A Hill Talk Editorial: Grim outlook for law enforcement means mayhem in society

In choosing a career, options may be limited but they are not non-existent.  Despite some careers offering lucrative compensation or prestige, there exist fields in which qualifications can neither be ignored nor expectations scaled back for the appointment of competent, civic-minded men and women to accept the hazards of public service.  Law enforcement qualifies as such a position.

According to an article appearing in the monthly online edition of The Police Chief, William J. Woska, J.D., adjunct professor at Golden Gate University has revealed how the ranks of law enforcement have thinned dramatically and police departments nationwide are finding it increasingly difficult to re-place vacant positions to keep pace with retirements or otherwise early exoduses from the profession.

Predominant in his hypothesis for the lack of enthusiasm for law enforcement as a career:  Negative publicity over high-profile incidents of racial profiling and excessive use of force.

Although brief, the article was both a blueprint to avert the coming disaster of decreasing applications into the field of law enforcement as much as a cri-de-coeur alerting the public of the devastating consequences of irresponsible critics of police, their tactics and police policy.

The taproot of the trouble rests in a series of police-related deaths of unarmed males.  The high watermark was the deaths of Michael Brown and Eric Garner; their deaths led to massive protests, rioting, looting and near lawlessness in Ferguson, Missouri and New York City.

Aggravating the simmering air of crisis was the massive opprobrium hurled at police from presumed constituencies of conscience and both elected and appointed lawmakers.  Negligence and bad judgment notwithstanding, while the string of unfortunate incidents resulted in fatalities, the response from critics, whether they are on the street organizing, penning editorial or opinion pieces, appearing on a cable-news program or involved in legislation, has heightened a climate of deep distrust between the public and police which impacts the next generation of those whose job is to preserve order on the streets.  While their intent may be to stimulate consideration for relief of supposed police misconduct, their behavior has aroused suspicion from potential applicants for a career in law enforcement.

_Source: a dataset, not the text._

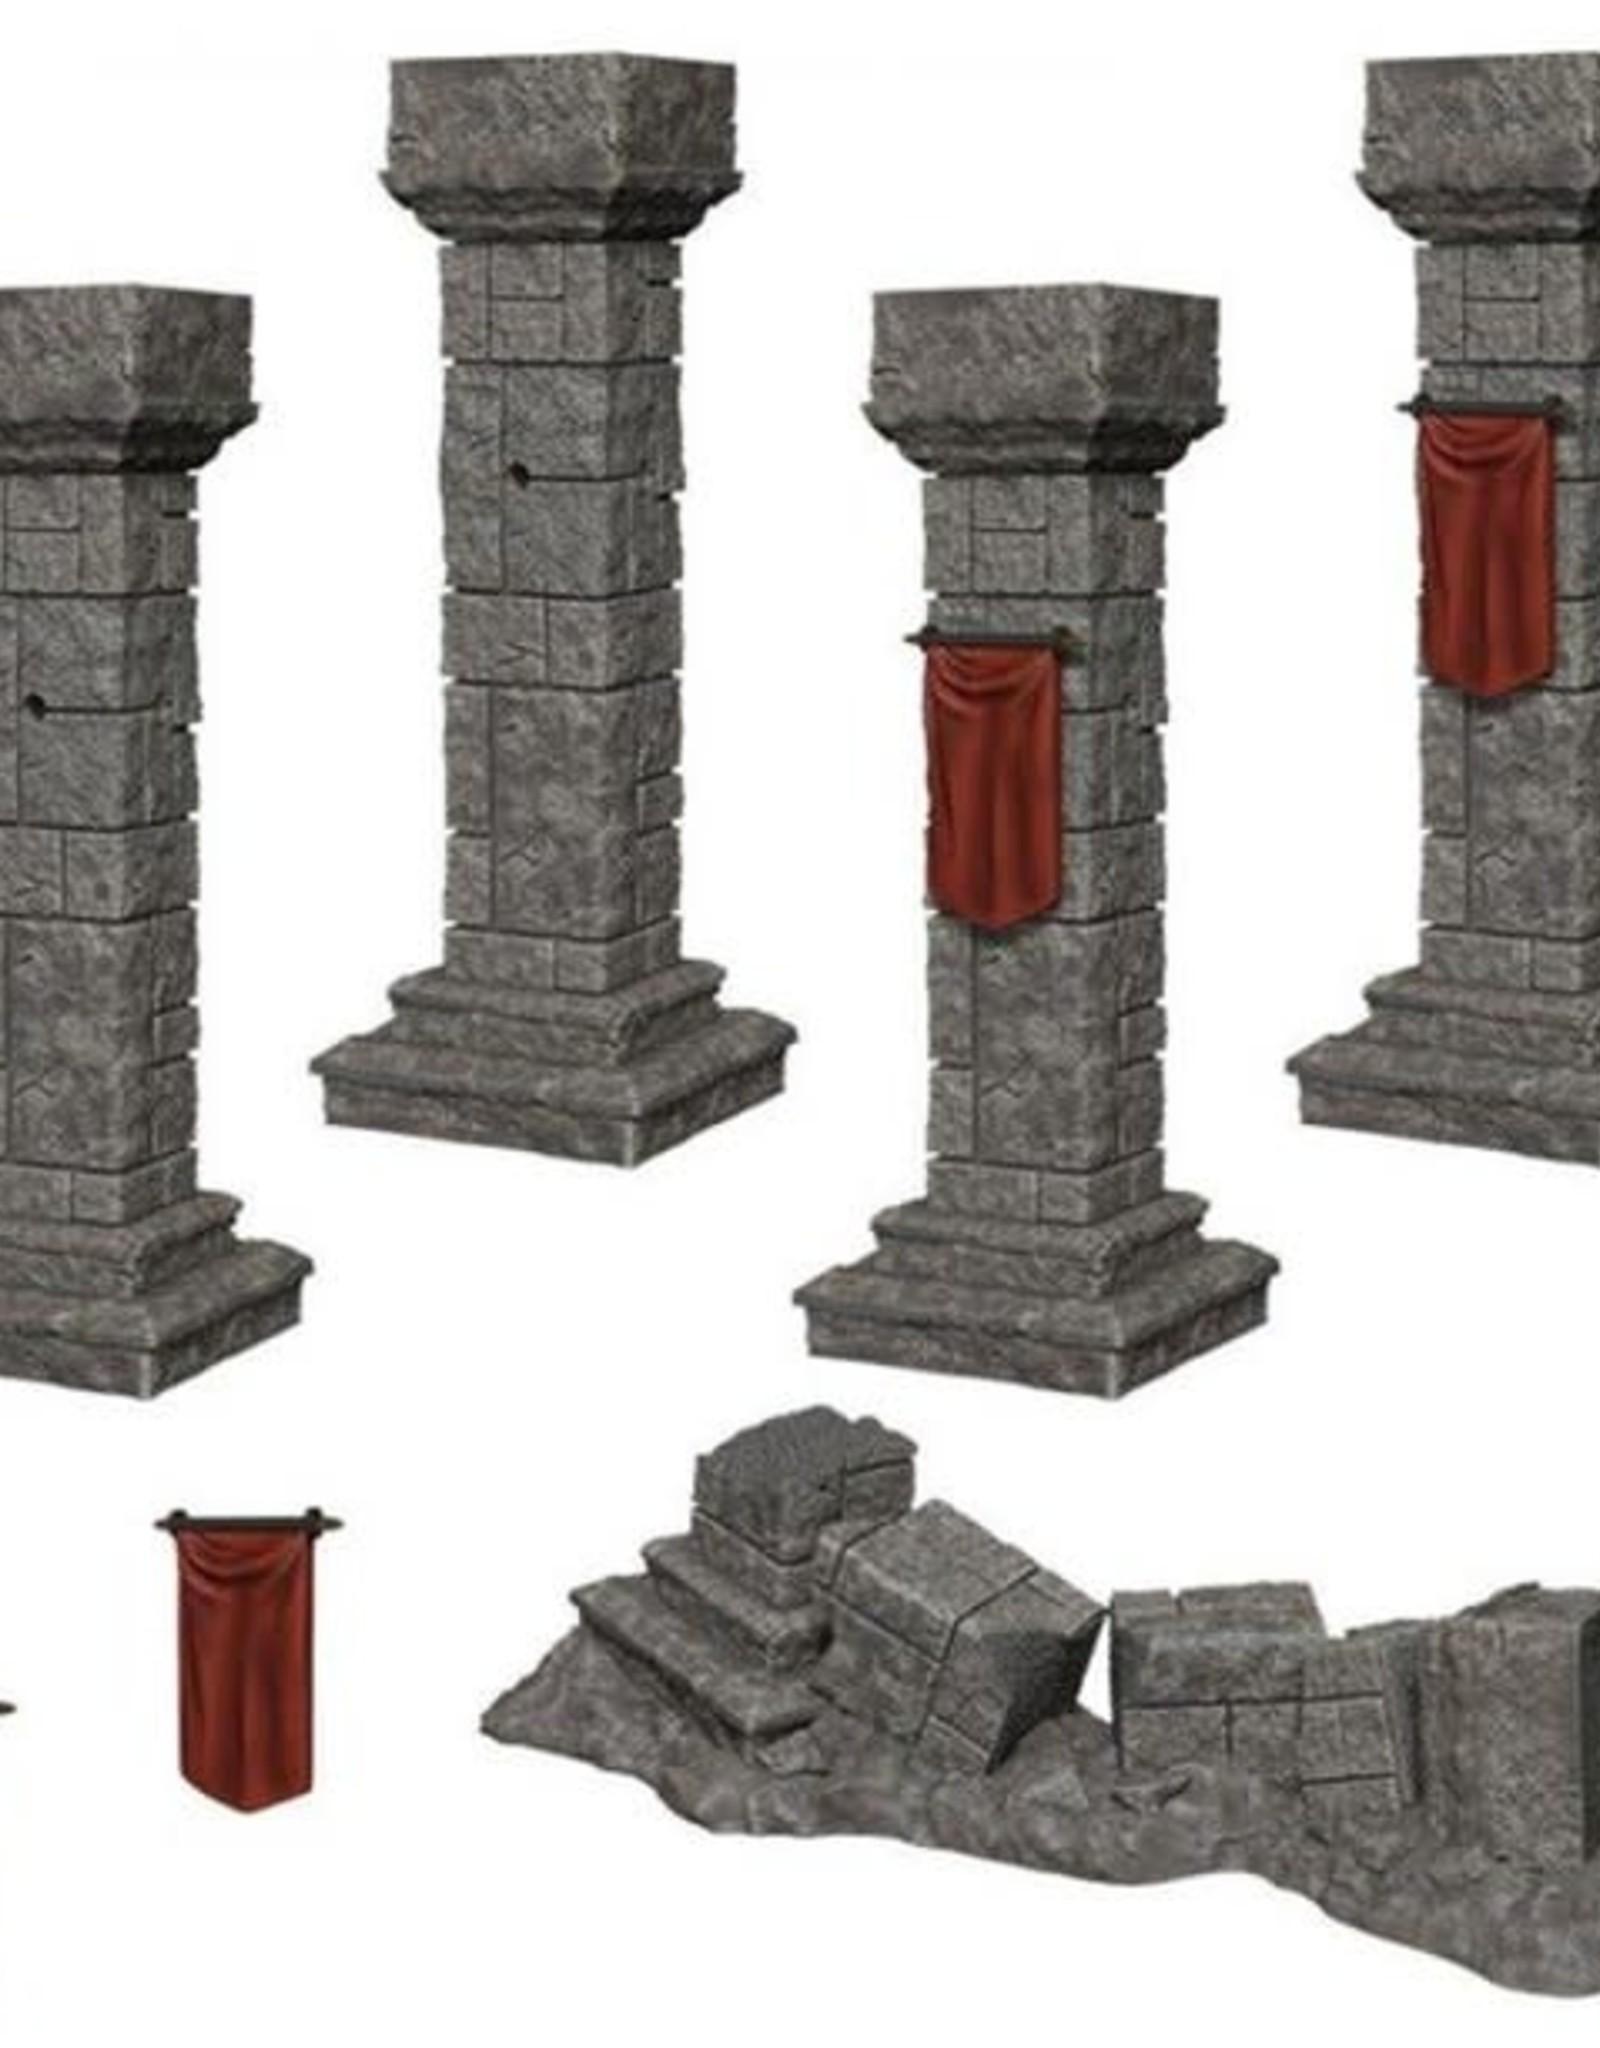 Nolzur's Marvelous Miniatures D&D D&D NMU - Pillars & Banners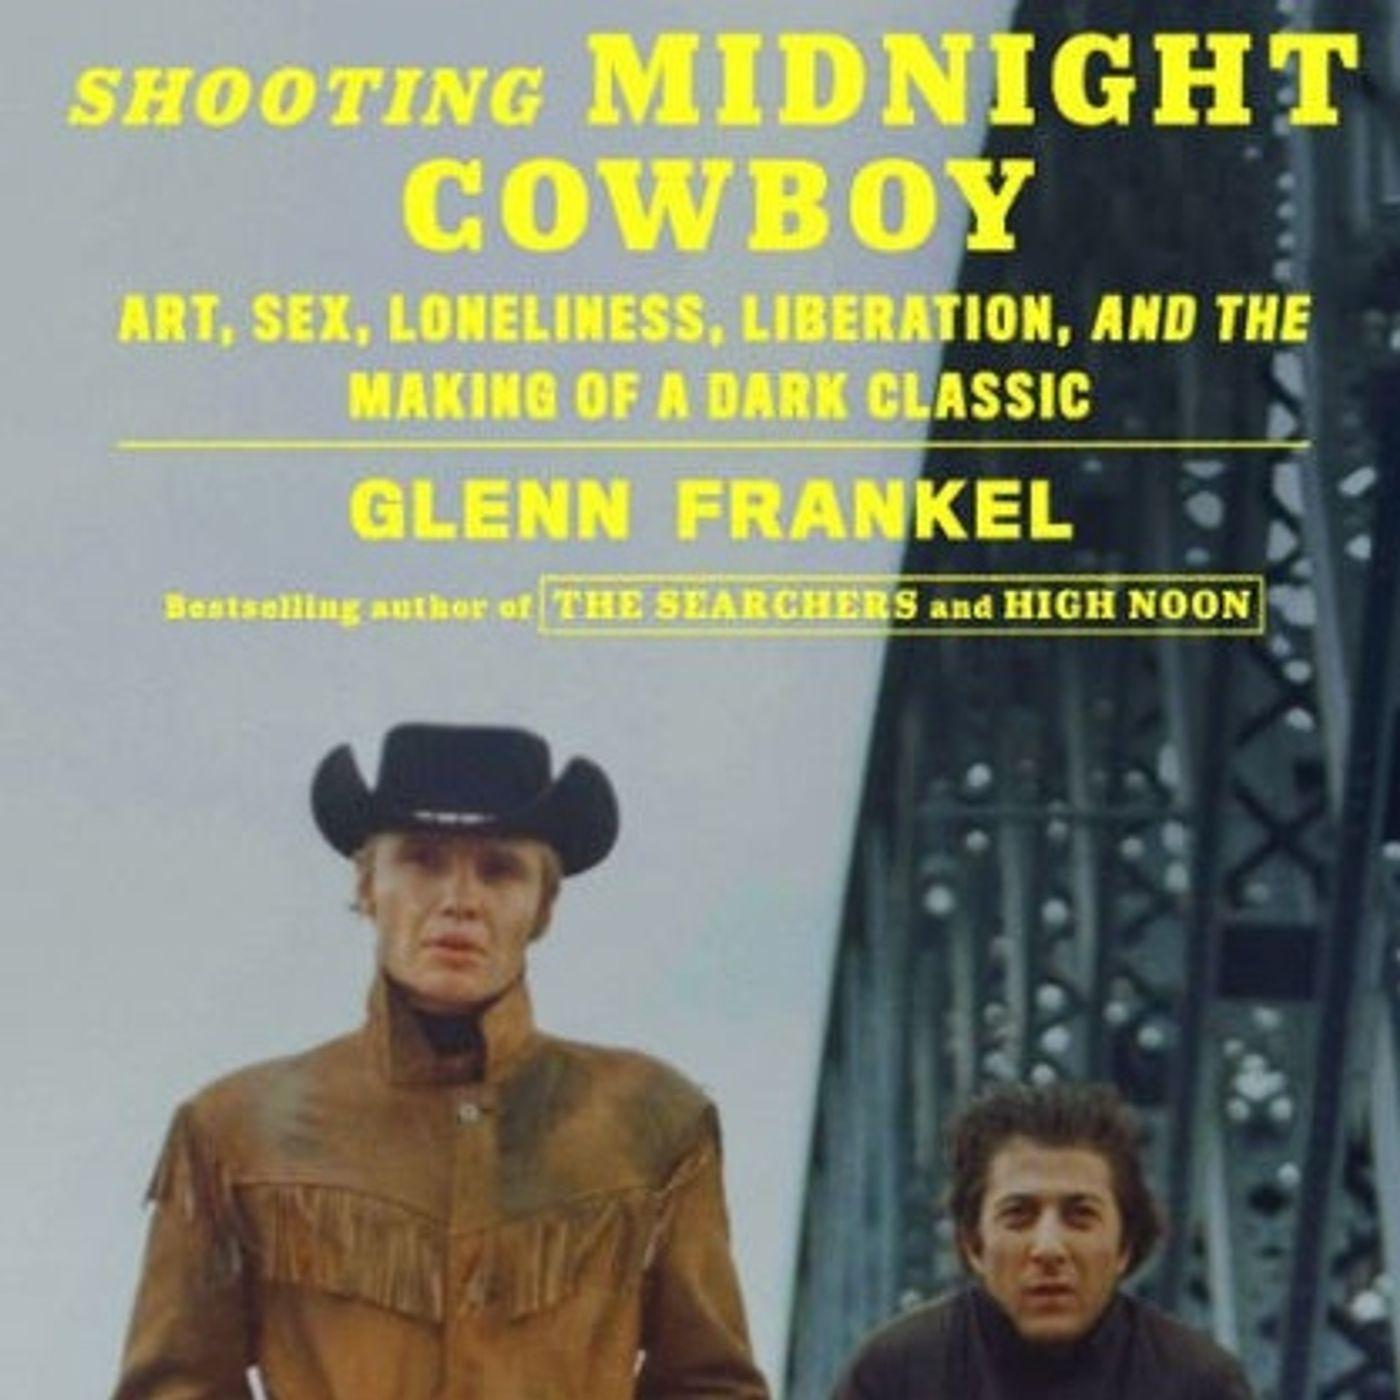 Glenn Frankel Releases The Book Shooting Midnight Cowboy

The critics’ first instinct is to take sides and assail the police:  Through their words and actions they encourage lawlessness, cast scorn at police as foul, cruel and ill-tempered licensed bandits, stoke outrage, create an atmosphere of deceit rife with disinformation, fallacies and outright lies and express a noble quality to the exertion of protesters.

This antagonistic portrait is best typified most recently with the Black Lives Matter demonstrators howling:  “Pigs in a blanket, fry ‘em like bacon.”  Bent on toppling police authority and depicting law officers as renegades, protesters offer an endless string of YouTube videos, all of which capture on camera police consistently being described with vile slander or openly challenged in the public square with taunts.  These videos frequently conclude with some form of celebration over legitimate police authority.

In the wake of these unfortunate incidents, what is most burdensome is the fact anti-police demonstrations persist in view of exhaustive inquiries where the official record either exonerated police or justified their actions in face of provocation.  Further, careful examination also exposed the disgraceful actions of supposed witnesses to these incidents, many of whom delivered livelier re-creations of actual events and were eventually discredited.  Of particular note, the “hands up, don’t shoot” narrative of the Michael Brown incident was revealed to be utter fiction and was demolished by a Justice Department probe.

Above the fray on the street, we are treated with sympathetic portrayals of anti-police movements and curious interpretations of straightforward anti-police invective on cable or network television programs.  By entertaining as guests those who clutch disreputable character, most reflexively anti-police, and allowing them to advance knowingly false narratives, further causes harm to the relationship between the police and the community.

In addition to social or political movements, popular culture’s role is equally deleterious:  Hollywood films frequently present law enforcement as engaged in nefarious, conspiratorial deedsCopland (1997) and Training Day (2001), for example, depict widespread police corruption as systemic and the venal or underhanded rarely suffer any lasting consequences.  Hollywood typically propels awards and lavish praise at such depictions.

In no small irony, it is indeed Hollywood which is guilty for its obscene portrayal of minorities:  The same Hollywood which rewards false representations of police in the modern era did not hesitate to portray blacks as deceitful and uniformly violent, constantly defying the law in 70’s-era television police dramas or on the big screen.

That so few find this trend troubling or difficult to recognize is mystifying.  Statistics and research which reflect the restraint of law enforcement and police-related deaths are largely consistent with the past two decades is in abundance and would normally convince even the hardest of ideologues of the noble intent of law enforcement.  In the interim, the profession suffers irreparable damage and dissuades those rare qualified individuals from considering law enforcement as a career.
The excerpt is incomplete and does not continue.